# Analysis of Productivity and Population Data

#### We begin with two raw datasets, one from the Bureau of Labor Statistics (BLS) covering producitivity by sector and quarter (period) from 1995 through 2023, and another from Data USA providing population data for the United States of America between 2013 and 2021.

Our BLS data is available on S3 at the following links:
- [pr.class](https://790890014576-rearc-data-quest-bucket.s3.amazonaws.com/data/bls/pr.class)
- [pr.contacts](https://790890014576-rearc-data-quest-bucket.s3.amazonaws.com/data/bls/pr.contacts)
- [pr.data.0.Current](https://790890014576-rearc-data-quest-bucket.s3.amazonaws.com/data/bls/pr.data.0.Current)
- [pr.data.1.AllData](https://790890014576-rearc-data-quest-bucket.s3.amazonaws.com/data/bls/pr.data.1.AllData)
- [pr.duration](https://790890014576-rearc-data-quest-bucket.s3.amazonaws.com/data/bls/pr.duration)
- [pr.footnote](https://790890014576-rearc-data-quest-bucket.s3.amazonaws.com/data/bls/pr.footnote)
- [pr.measure](https://790890014576-rearc-data-quest-bucket.s3.amazonaws.com/data/bls/pr.measure)
- [pr.period](https://790890014576-rearc-data-quest-bucket.s3.amazonaws.com/data/bls/pr.period)
- [pr.seasonal](https://790890014576-rearc-data-quest-bucket.s3.amazonaws.com/data/bls/pr.seasonal)
- [pr.sector](https://790890014576-rearc-data-quest-bucket.s3.amazonaws.com/data/bls/pr.sector)
- [pr.series](https://790890014576-rearc-data-quest-bucket.s3.amazonaws.com/data/bls/pr.series)
- [pr.txt](https://790890014576-rearc-data-quest-bucket.s3.amazonaws.com/data/bls/pr.txt)

In [1]:
### Imports
import os
import io
import json
import requests
import pandas as pd

In [2]:
### Global Variable Setting

bls_data_url = "https://download.bls.gov/pub/time.series/pr/pr.data.0.Current"
pop_data_url = "https://datausa.io/api/data?drilldowns=Nation&measures=Population"
headers = {"User-Agent": "seancowens13@gmail.com"} # If we don't include this we will be flagged as a bot by the data providers

In [3]:
### GET data

bls_response = requests.get(url=bls_data_url, headers=headers)
bls_response.raise_for_status()

pop_response = requests.get(url=pop_data_url, headers=headers)
pop_response.raise_for_status()

#### We now have two successful responses (i.e.

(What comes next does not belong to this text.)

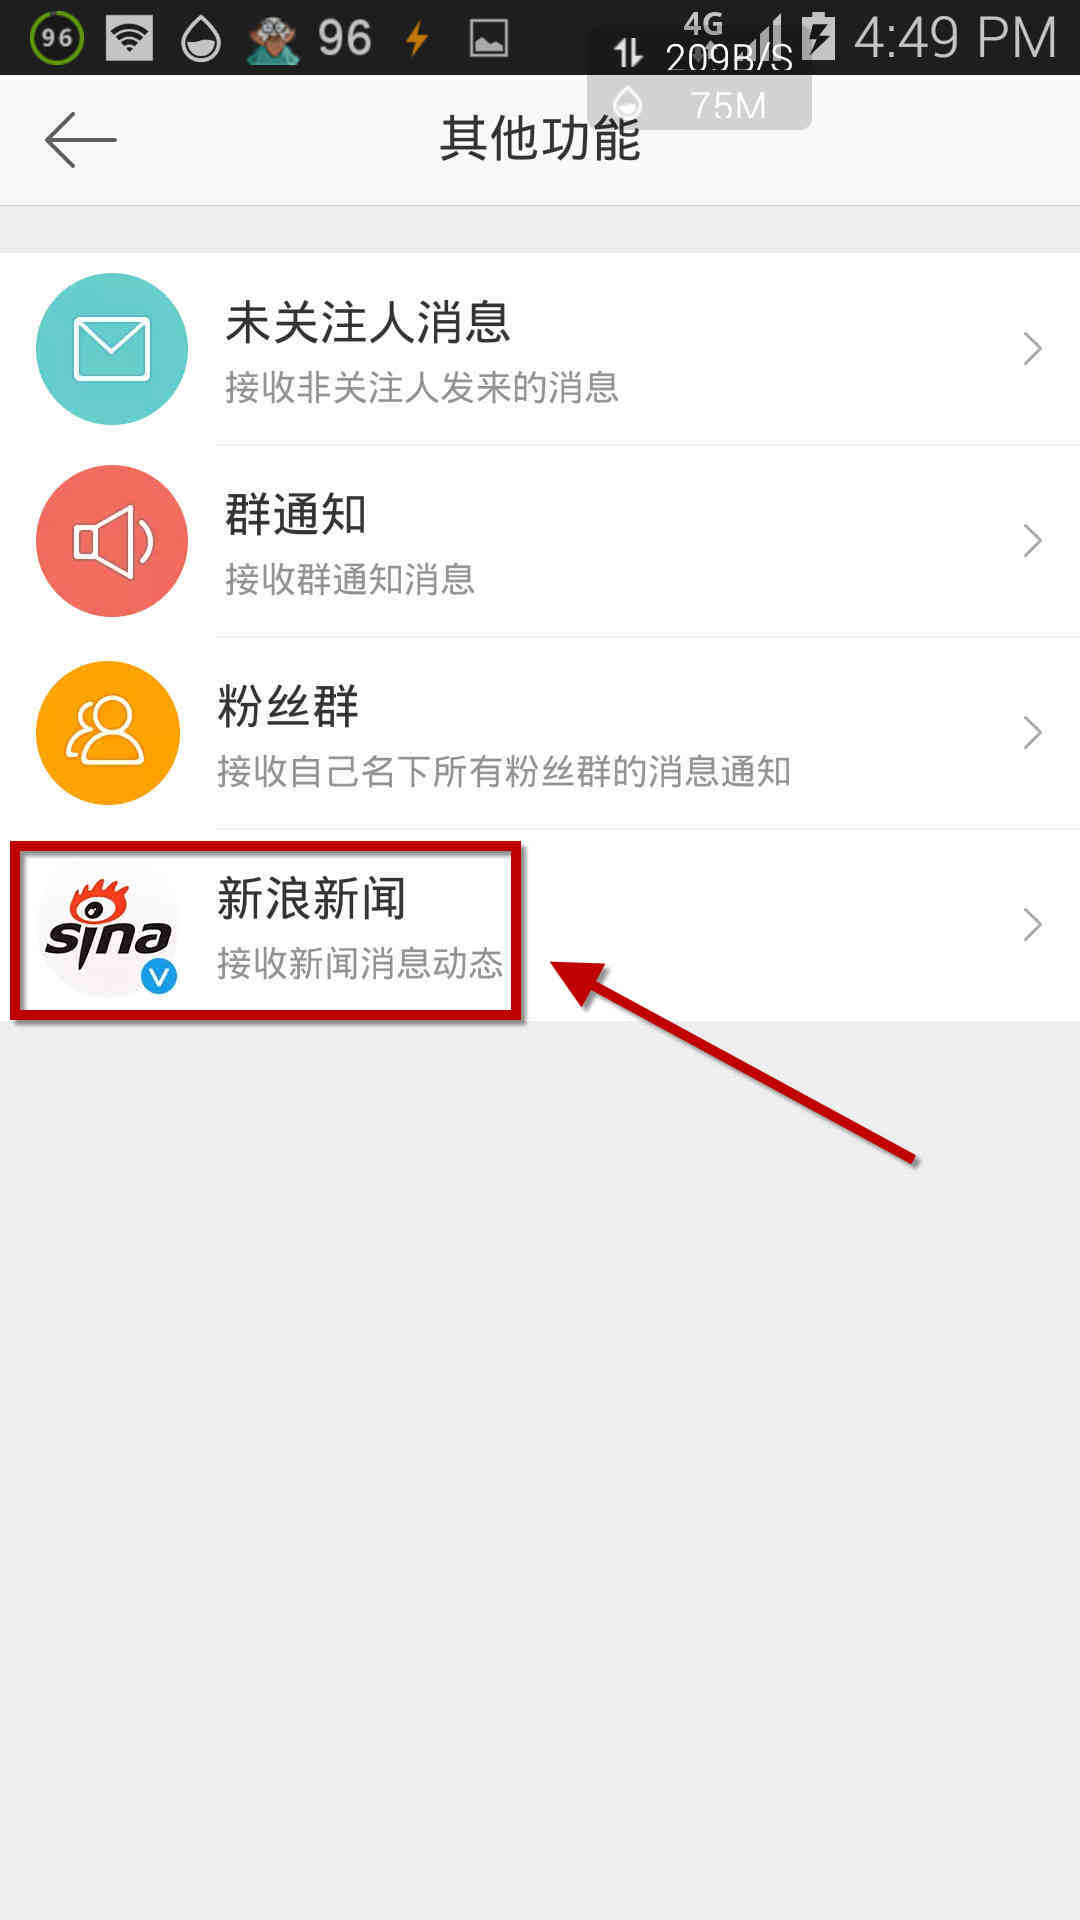 Kitiho ny "Sina News" ao amin'ny Weibo Picture 5

HTTP status code between 200 and 300). Let's try transforming the data to a DataFrame right away and see what happens.

In [4]:
bls_df = pd.read_csv(bls_response.content)

TypeError: Expected file path name or file-like object, got <class 'bytes'> type

In [5]:
pop_df = pd.DataFrame(pop_response.json())

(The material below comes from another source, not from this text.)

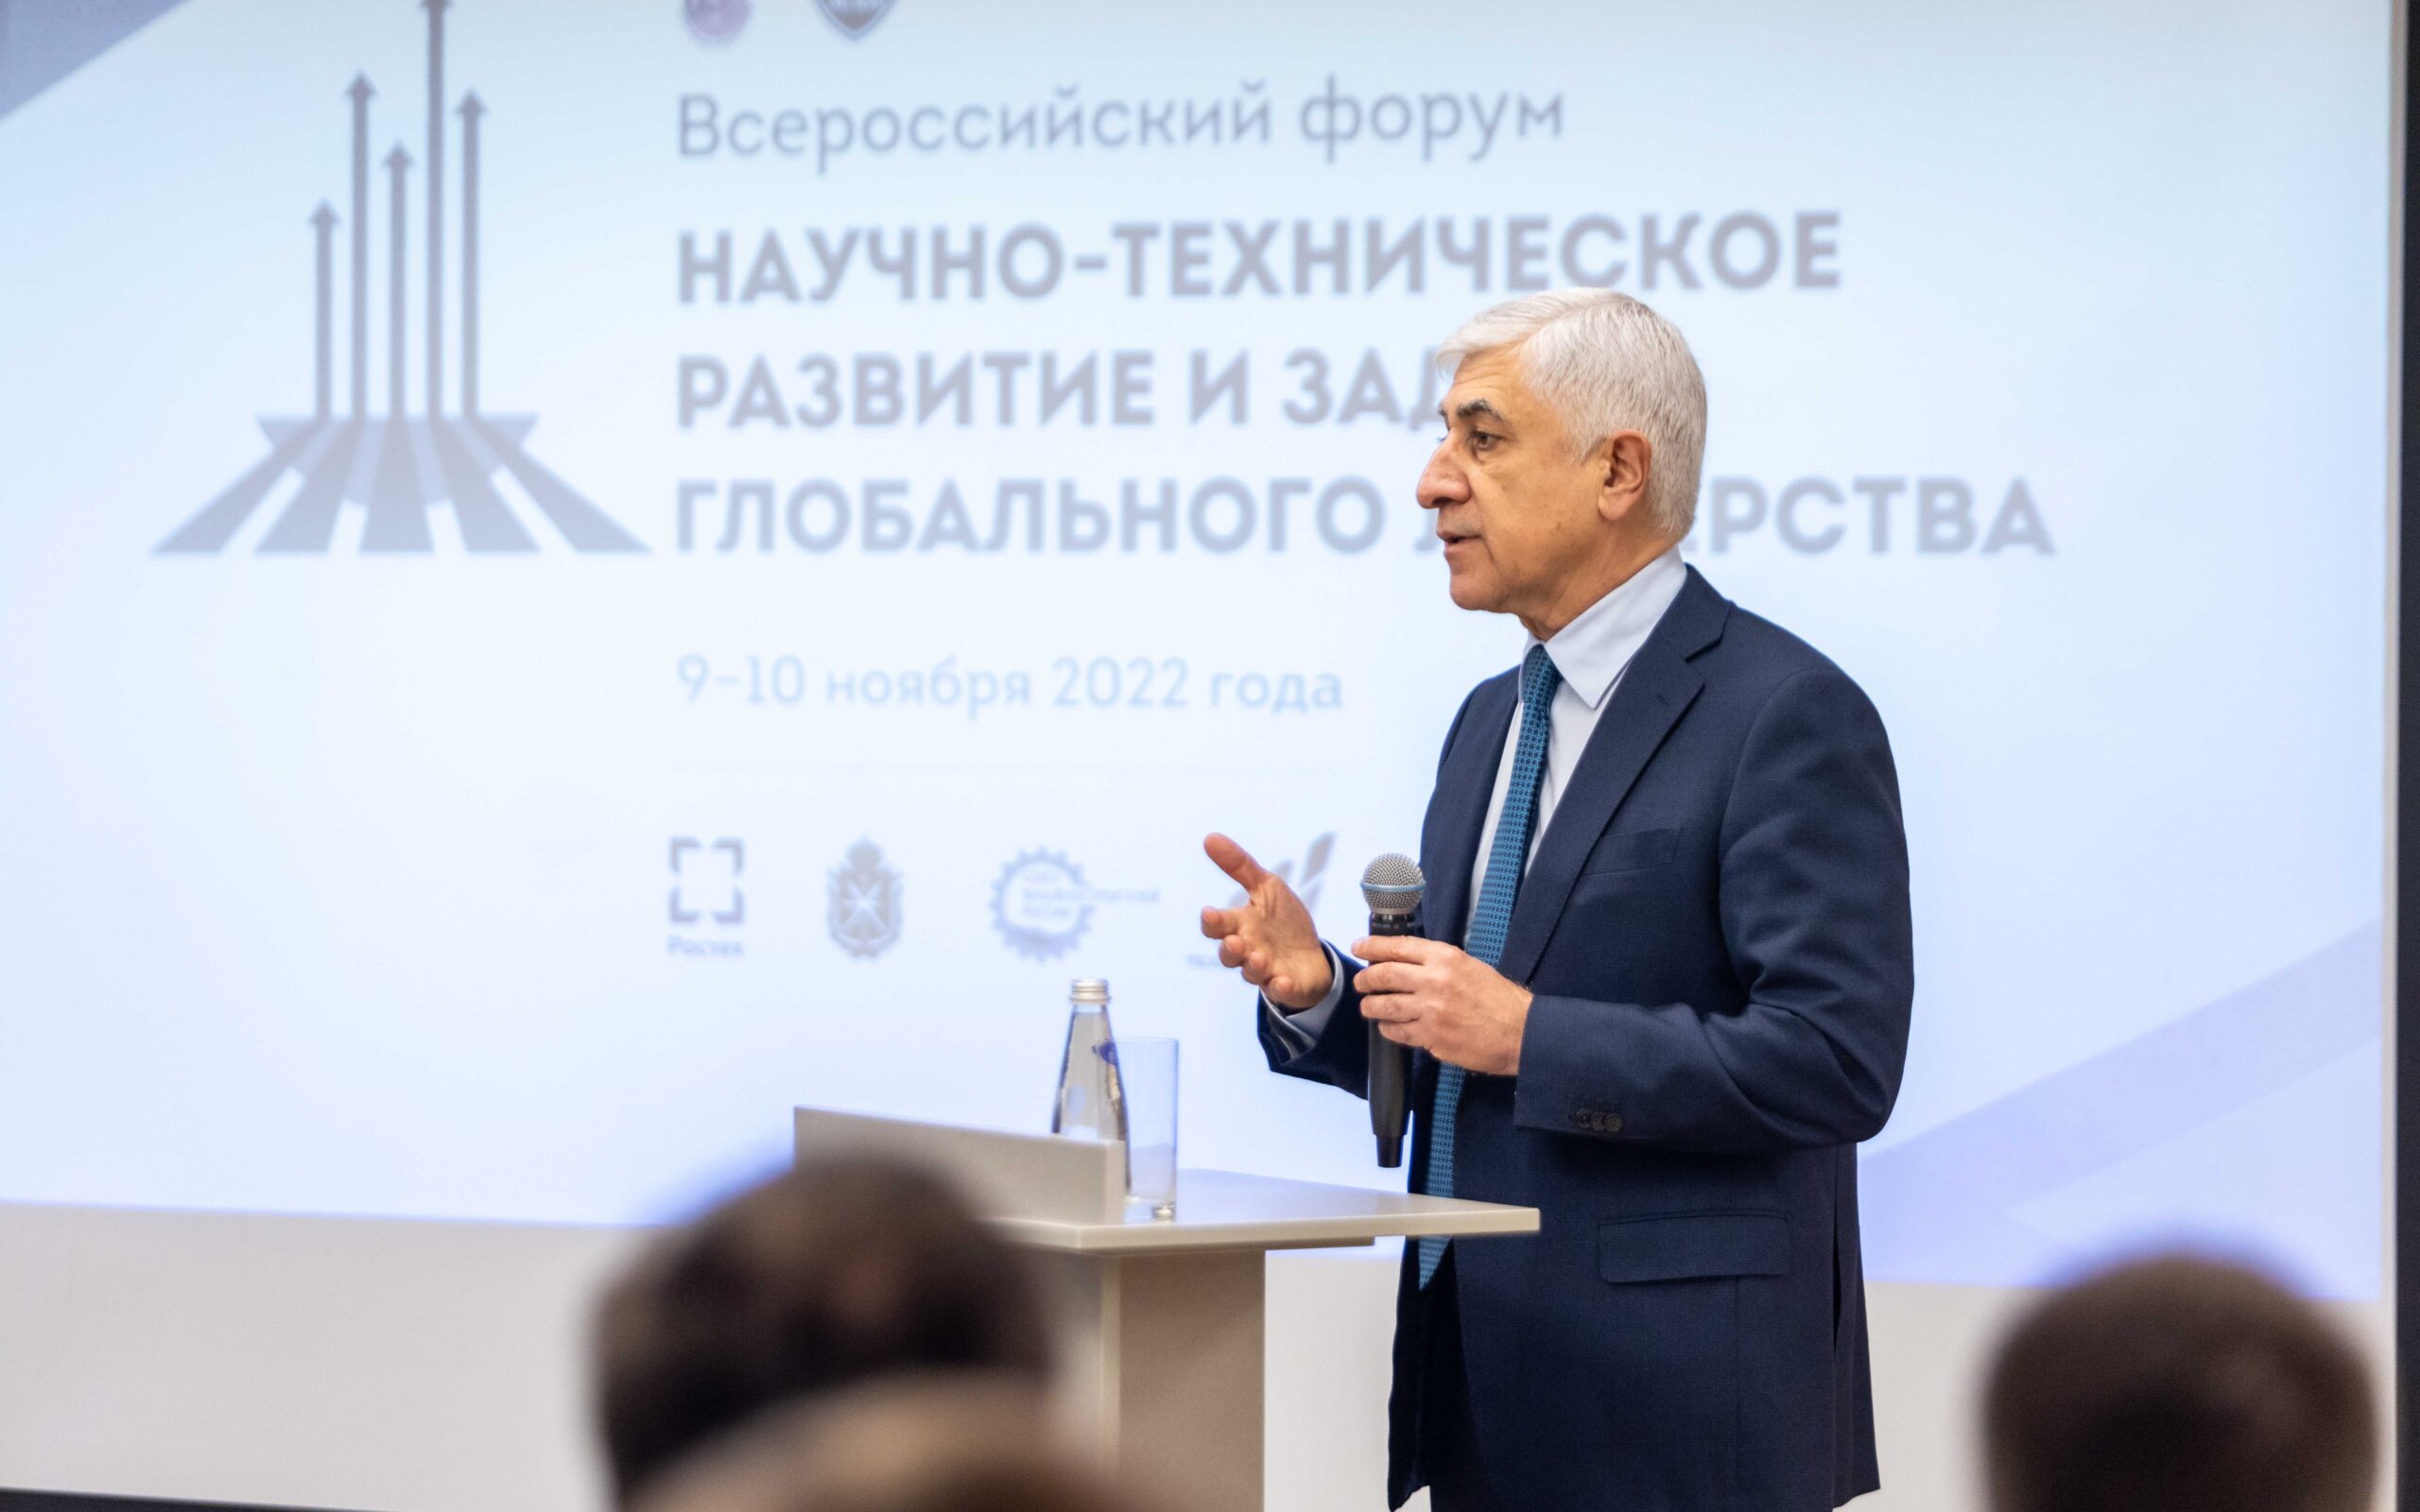 Михаил Погосян рассказал о будущем высокотехнологичных рынков на Всероссийском форуме «Научно-техническое развитие и задачи глобального лидерства» в МАИ

ValueError: All arrays must be of the same length

#### Two errors. Not a great start unfortunately, but we can't expect public datasets to be perfectly formatted for all of our needs. Let's tackle them one at a time to determine what needs to be done.

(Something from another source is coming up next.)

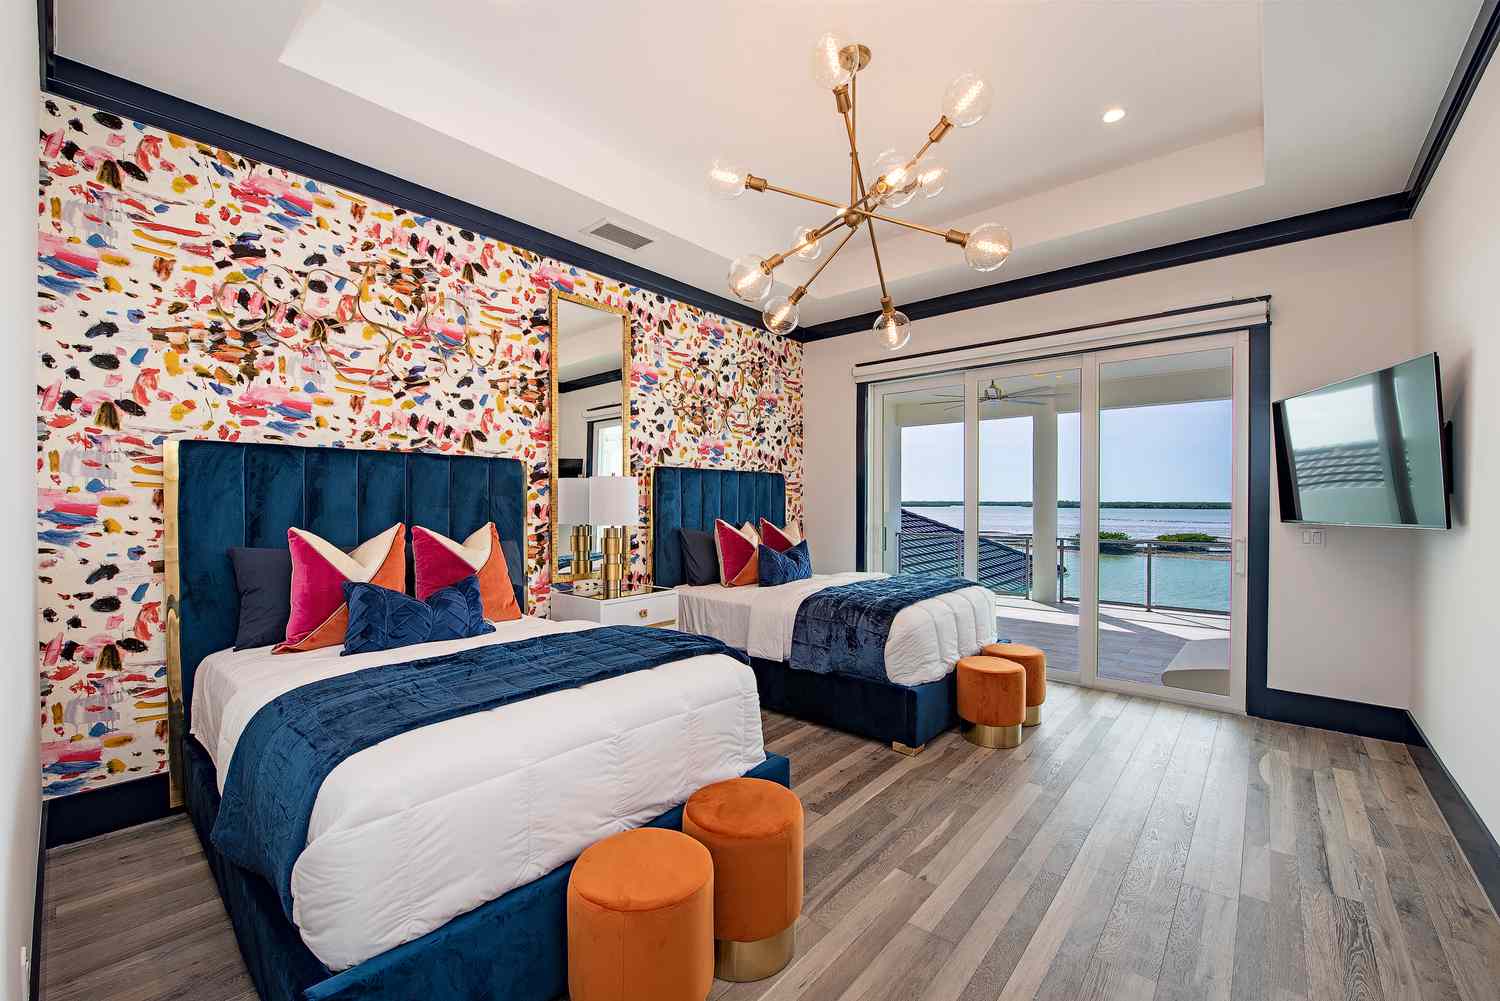 Un dormitorio con dos camas de matrimonio y papel pintado de colores en una pared de acento

1. BLS: The data is meant to be in a csv format, however, our request.Response.content is all bytes. We'll need to decode the response content, stream it to an in-memory text buffer, and pass this into our `read_csv` DataFrame constructor. As we do this, we'll get back a DF with a single column and a lot of `\t` throughout. The fix here is simple, the data is tab delimited and we simply note this as kwarg in `read_csv`.
2. Population: Upon further inspection, there are two top level keys, `data` and `source`. However, each of these has different data in their sub-arrays, causing Pandas to return the error `ValueError: All arrays must be of the same length`. We're only interested in the `data` portion of the `response.content` anyways, so we can scrap the `source` key and try our DataFrame constructor once more.

In [6]:
bls_df = pd.read_csv(io.StringIO(bls_response.content.decode("utf-8")), delimiter="\t")

In [7]:
bls_df.shape

(35466, 5)

In [8]:
pop_df = pd.DataFrame(pop_response.json()["data"])

In [9]:
pop_df.shape

(9, 6)

#### So far so good. Let's get started with some simple aggregated statistics on the population data. First things first, we should inspect the DF to ensure there is nothing strange about the column names or the data itself.

In [10]:
print(pop_df.columns)
pop_df.head()

Index(['ID Nation', 'Nation', 'ID Year', 'Year', 'Population', 'Slug Nation'], dtype='object')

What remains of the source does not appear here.